Data block.
•••••

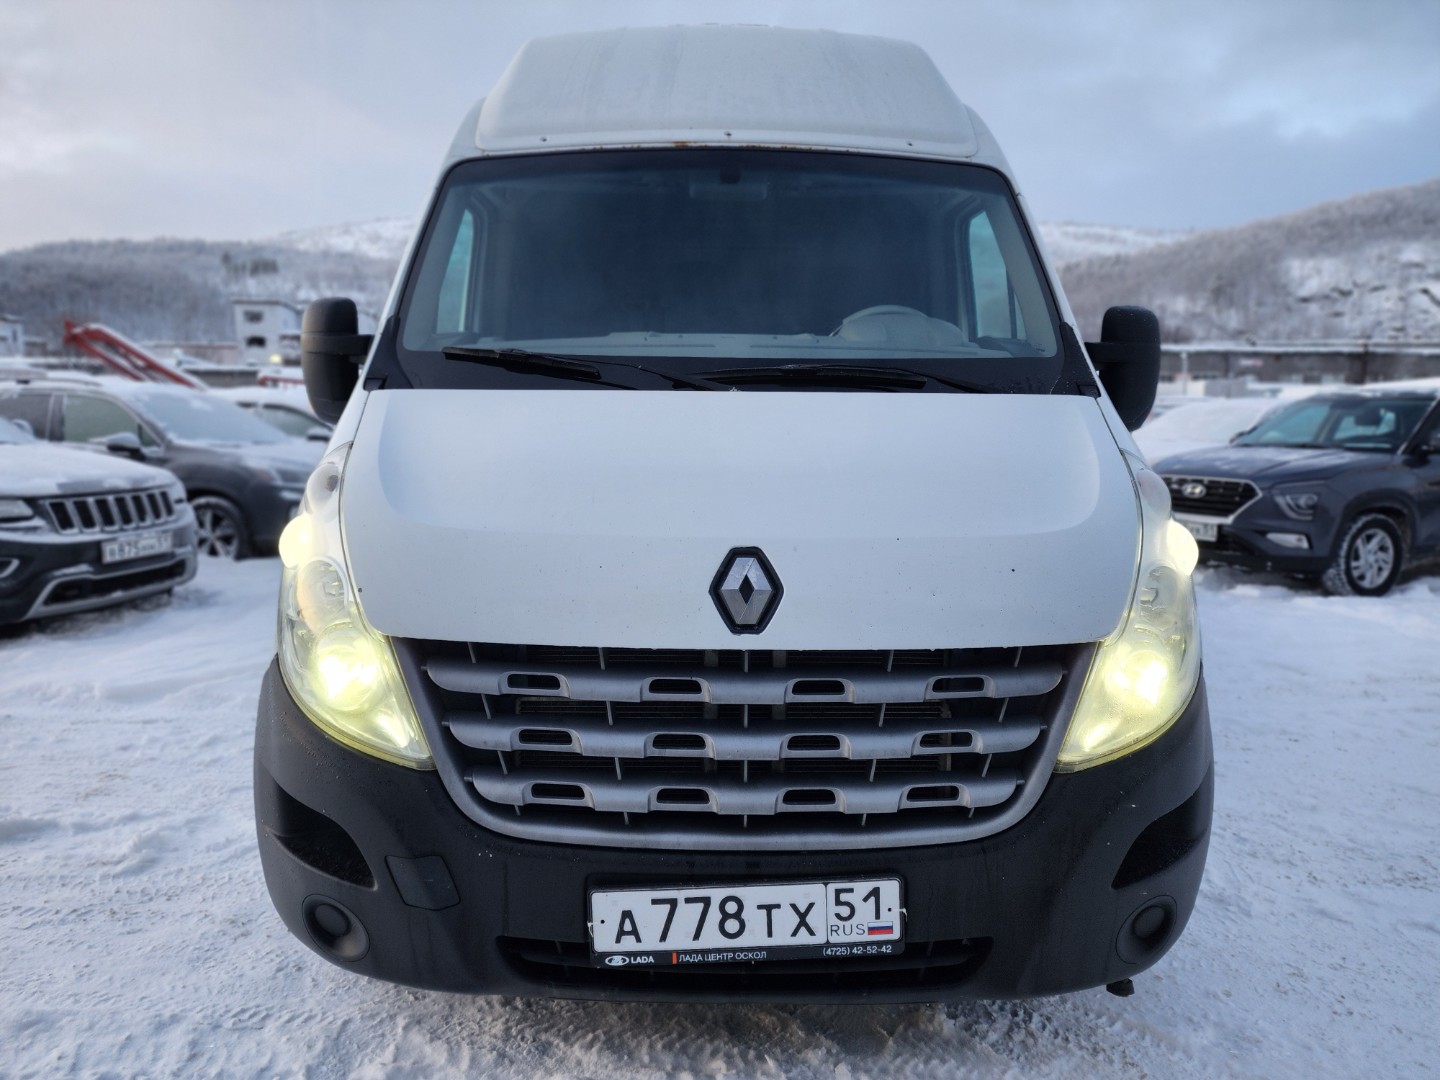 Renault Renault Master, 2013 г.в., пробег 334 499 км, цена, фото, Мурманск
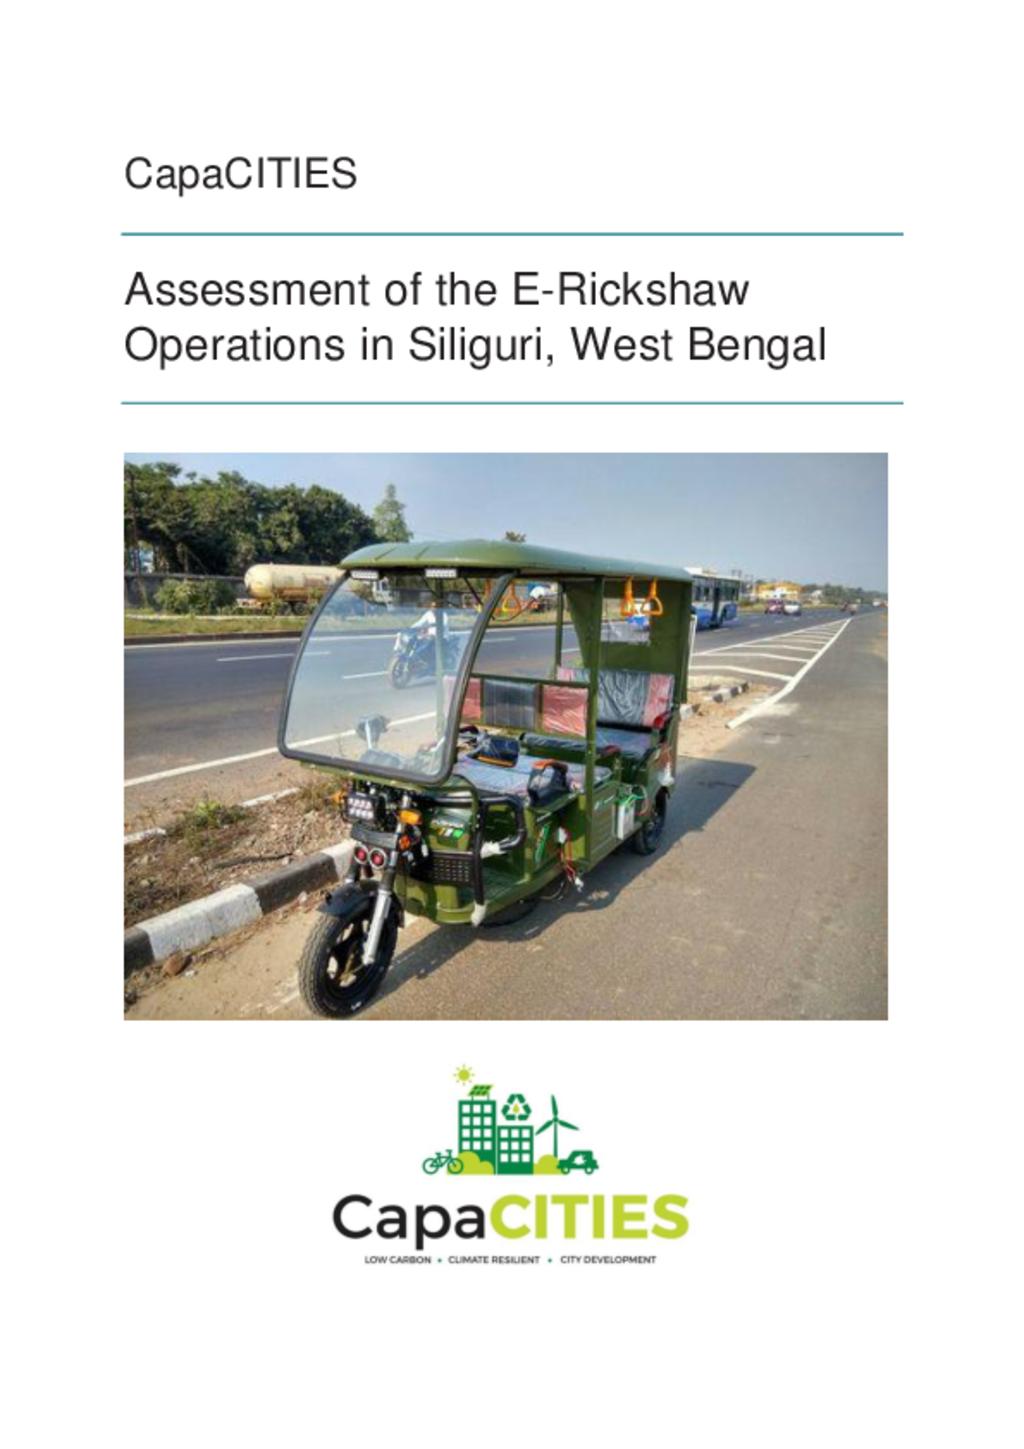 E- rickshaw
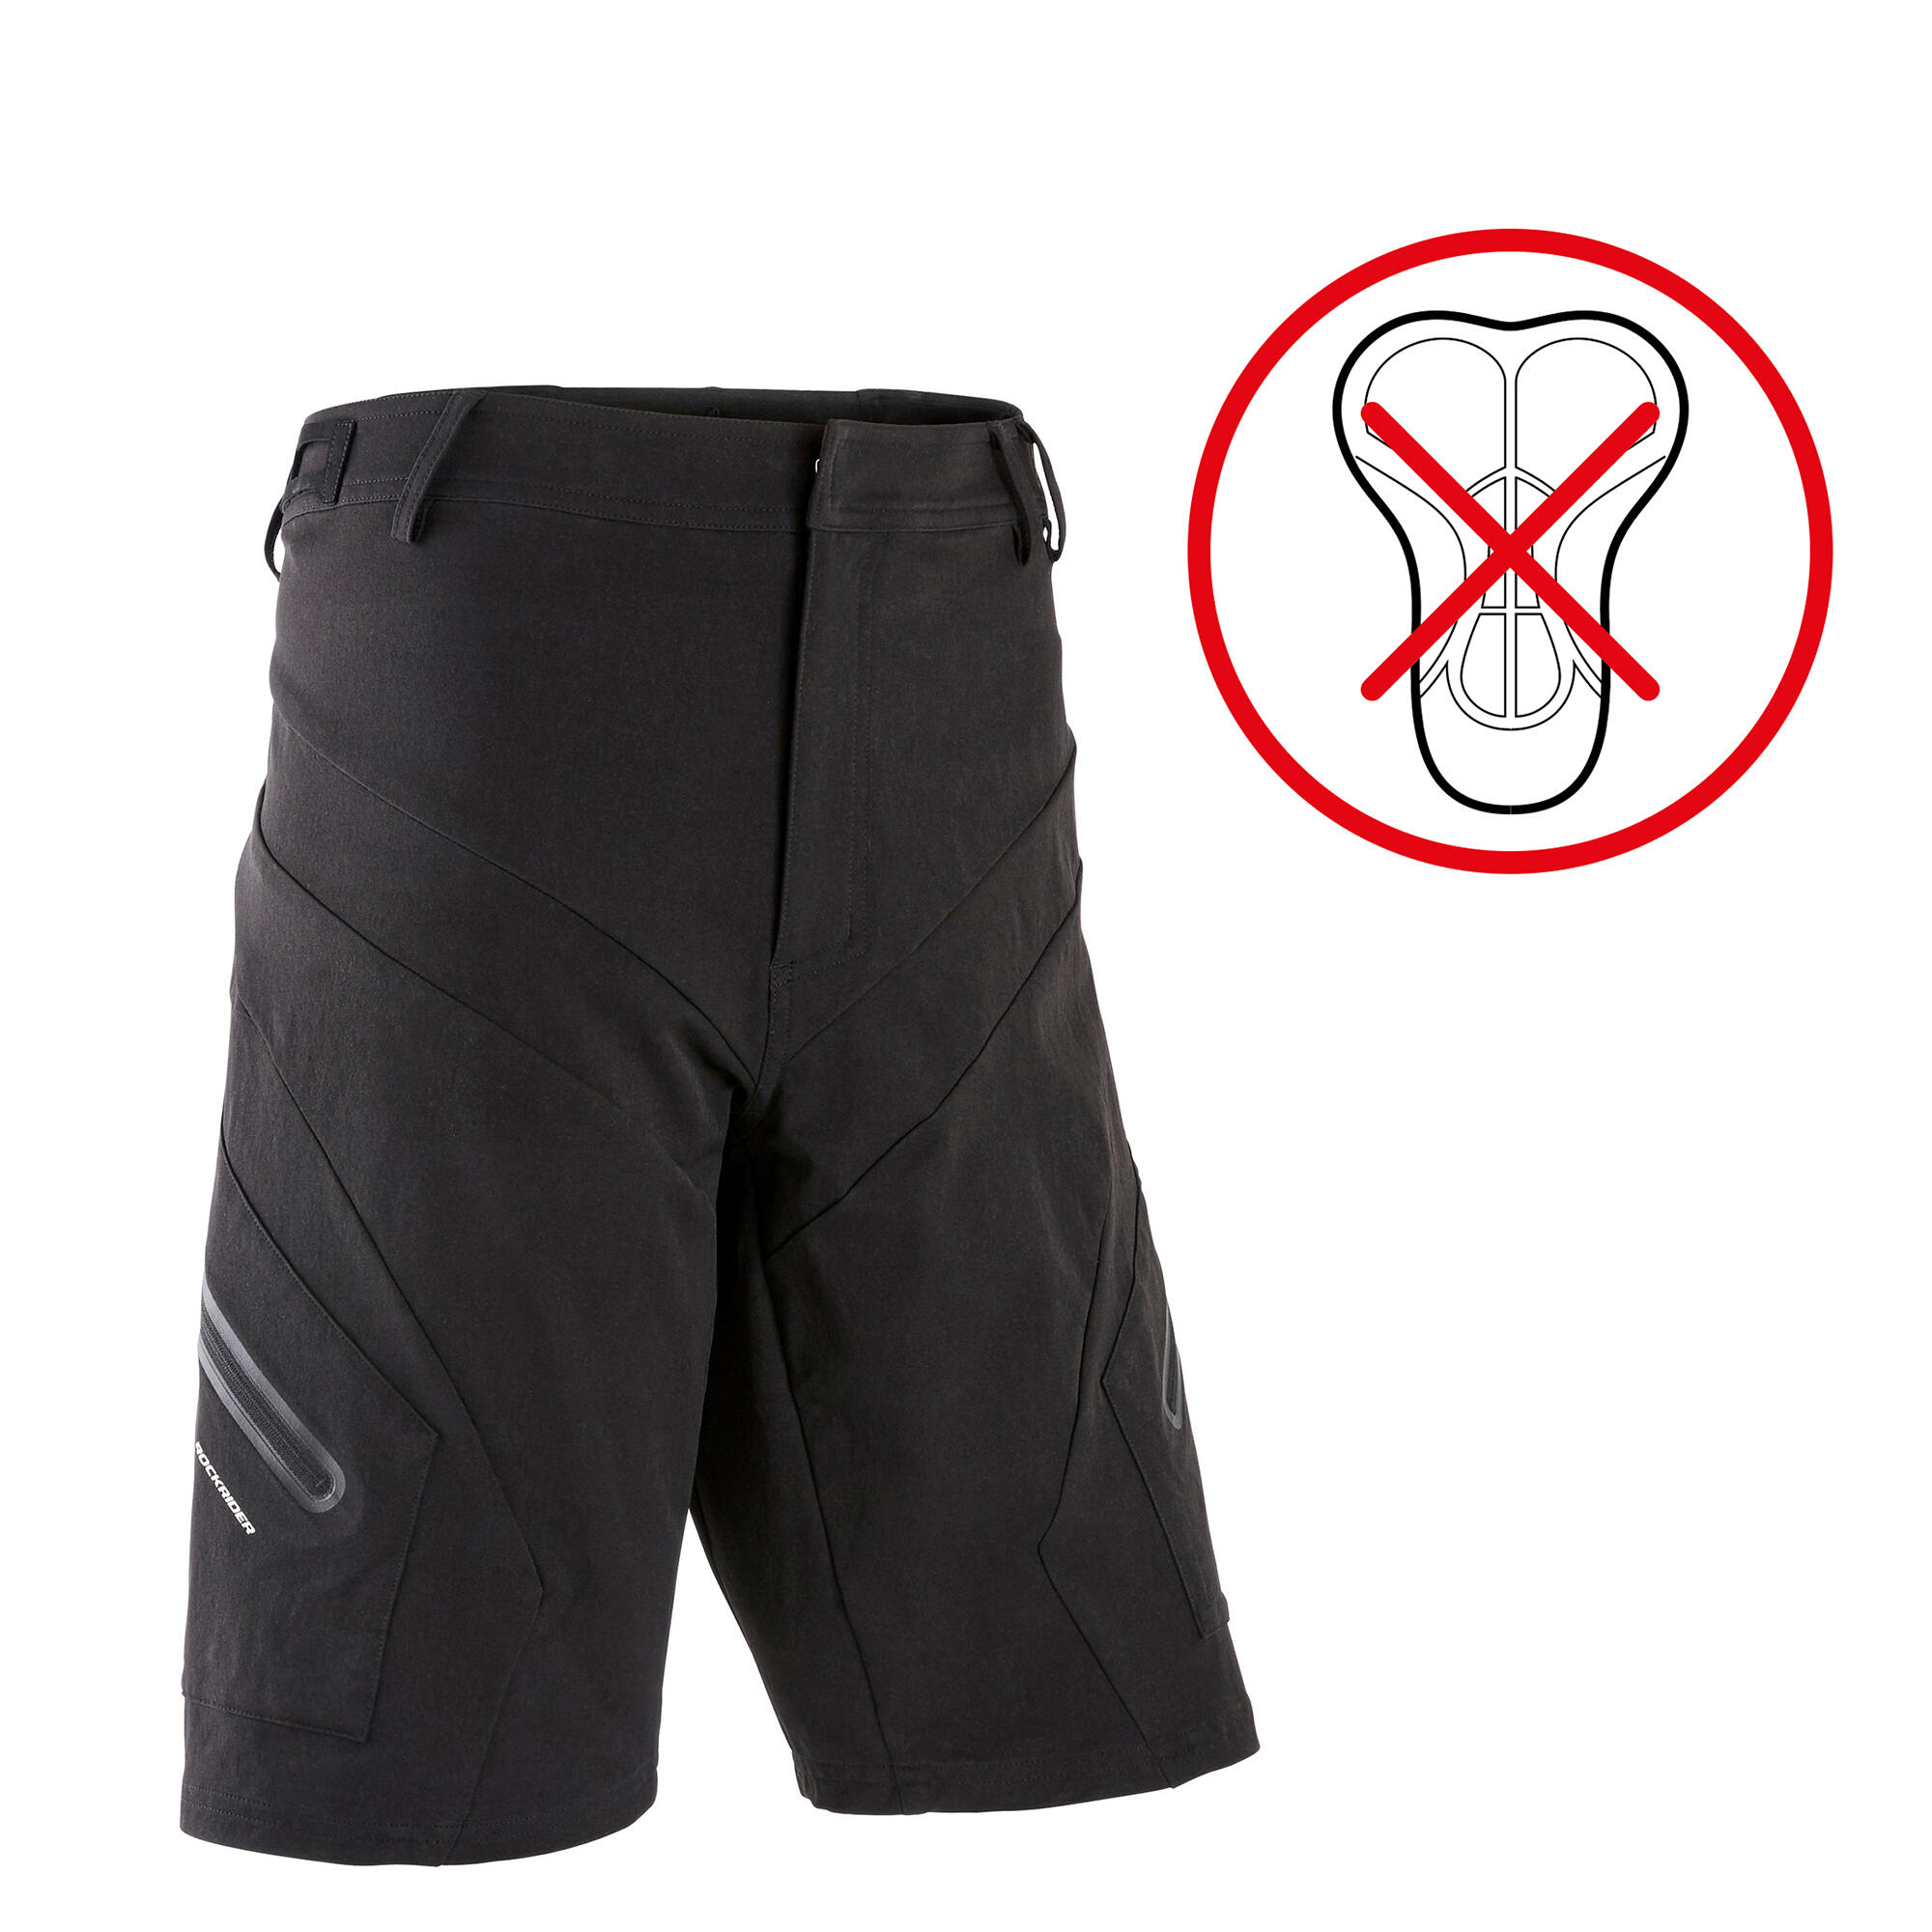 Men's Mountain Biking Shorts - Expl 700 Black - ROCKRIDER
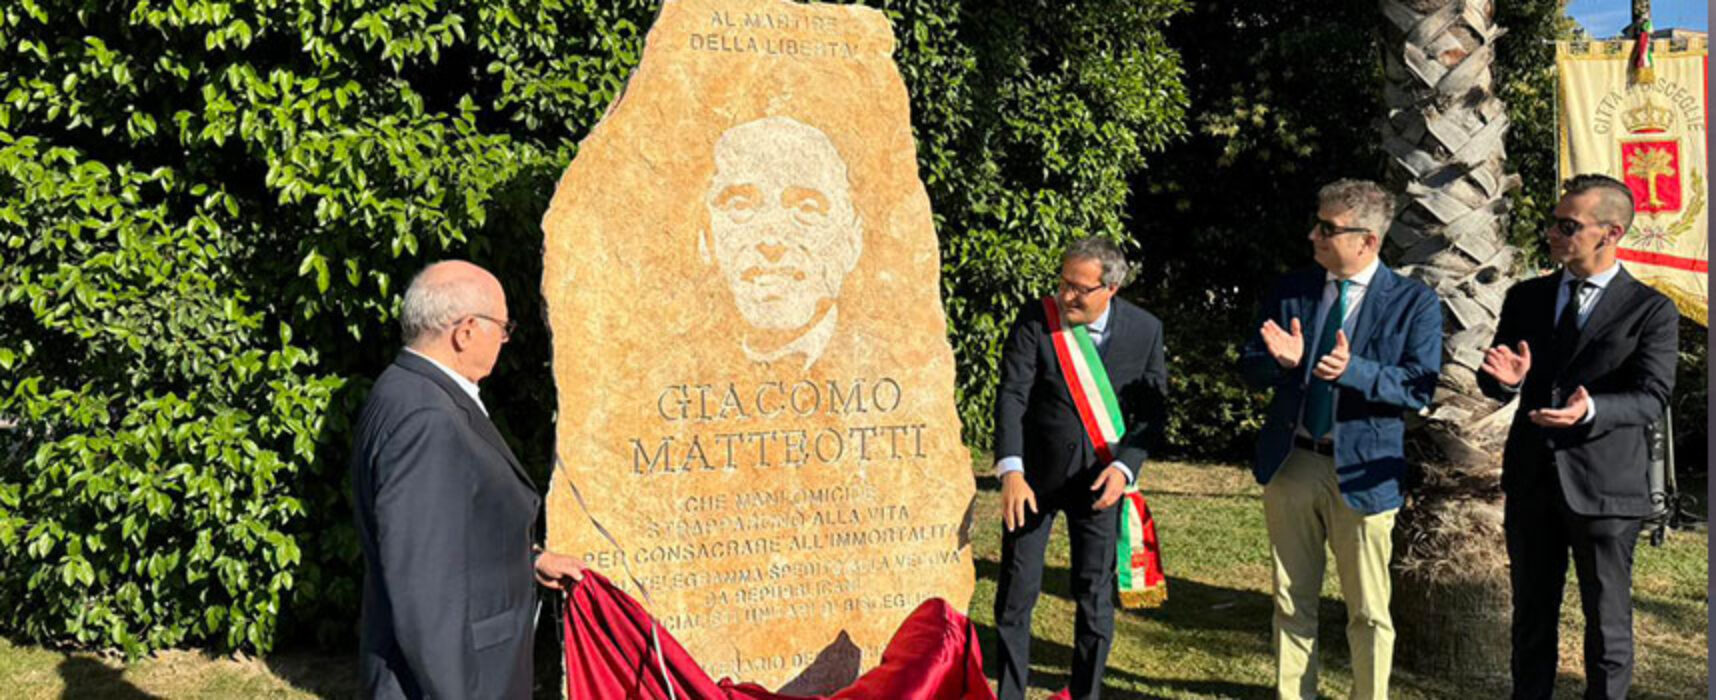 A Bisceglie inaugurata stele dedicata a Giacomo Matteotti

•••••

Task instructions. From the first line of the material to the last, retype everything exactly except the images.

Response for this exercise.
 Renault Renault Master, 2013 г.в., пробег 334 499 км, цена, фото, Мурманск
 E- rickshaw
 Men's Mountain Biking Shorts - Expl 700 Black - ROCKRIDER
 A Bisceglie inaugurata stele dedicata a Giacomo Matteotti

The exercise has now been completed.